Quel frasario – “una testa mozzata, quattro arti smembrati…” – può sembrare irriverente. Eppure, opposto all’atmosfera bucolica che viene evocata, fa capire perfettamente qual’è lo stato d’animo dei pescatori. Si attinge, fino in fondo, al serbatoio della sottigliezza. Guardate bene: non si dice che la notizia ha terrorizzato la popolazione (sarebbe banale e ovvio), ma ci si limita, ammiccando al lettore (quel “capirete” è rivolto a lui), ad affermare che essa “ha avuto una certa eco…”. Chi legge, di certo capirà, e dirà a se stesso: altro che una “certa” eco, una eco enorme: l’aver minimizzato provocherà, nel pubblico, una sorta di effetto moltiplicatore.

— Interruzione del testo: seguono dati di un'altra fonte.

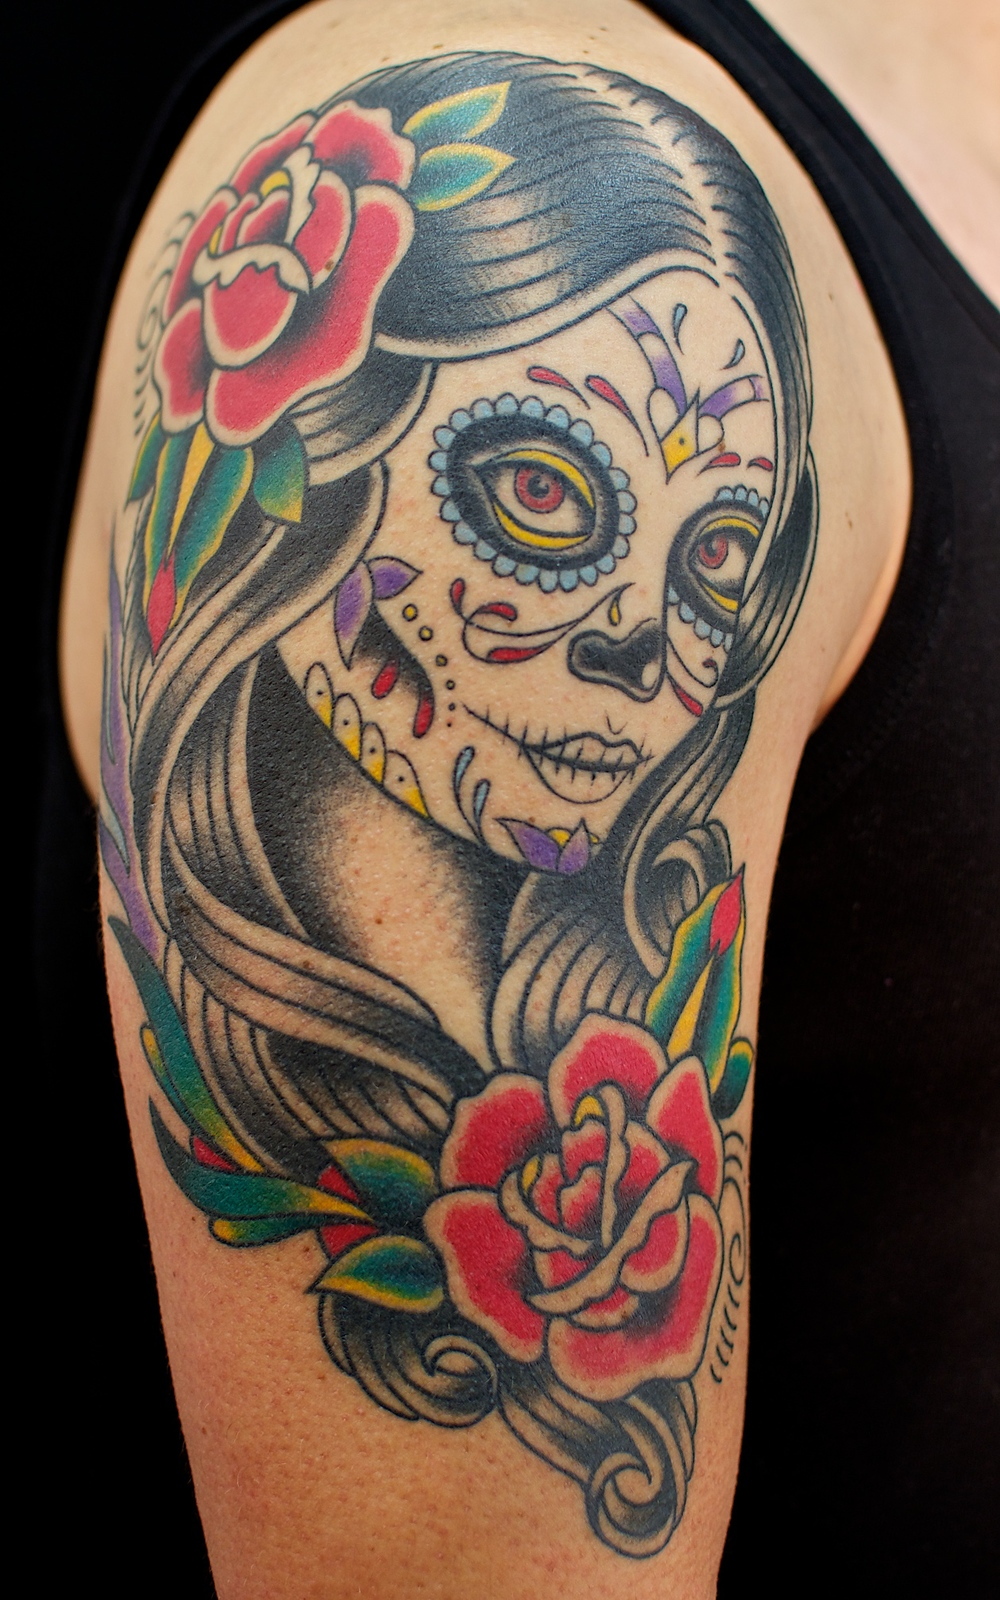 01022012 Tattoos 11 12.jpg

E’ il gioco dell’ironia, che in questo caso usa qualcosa di simile all’iperbole: “…oltre alle chiesette perdute nella nebbia, c’è anche un assassino…”. E che razza di assassino! Quasi si scorge, fisicamente, il volto di una vecchietta della zona a bocca aperta nell’apprendere l’accaduto. Il suo piccolo mondo tranquillo era la brughiera. Ora sa che là fuori, da qualche parte, c’è un “mostro” con cui dovrà condividerla.
Il gioco degli opposti, per chi vuole ironizzare, è una miniera di possibilità. Immaginiamo, è pura fantasia, un servizio da Washington. Un papà severo, una figlia disinibita, l’uno il contrario dell’altra. Inizio dell’articolo: “Alla Casa Bianca si erano vissute giornate decisamente più memorabili. Rebecca Bush, figlia maggiore del presidente degli Stati Uniti, ha rivelato ieri di avere un debole per le donne. La cosa, nel Paese di Serena Baxter, la sessuologa che per una vita ha professato (e praticato) la libertà di amplesso, poteva anche passare inosservata. Ma per un padre come Henry W., che dorme con la Bibbia, le recita e va pazzo per i rigori del Vecchio Testamento, il fatto – è chiaro – non è il massimo della vita….”. Osservate la levità: c’erano state giornate “più memorabili”, “ha un debole per le donne”, “non è il massimo della vita”. Si poteva scrivere “è stata una pessima giornata”, “è una lesbica” oppure “per un padre così… è una disgrazia”. Ma perché infierire? Non c’è alcuna tragedia. Si cerca soltanto di suscitare il sorriso. Non si vuole crocifiggere nessuno. Il contrasto tra i personaggi crea, da solo, la vena ironica. Non serve uno sforzo particolare da parte di chi scrive. Il lettore, come la vecchietta della brughiera, penserà: “Altro che giornata memorabile: per il presidente è stata un vero disastro…”.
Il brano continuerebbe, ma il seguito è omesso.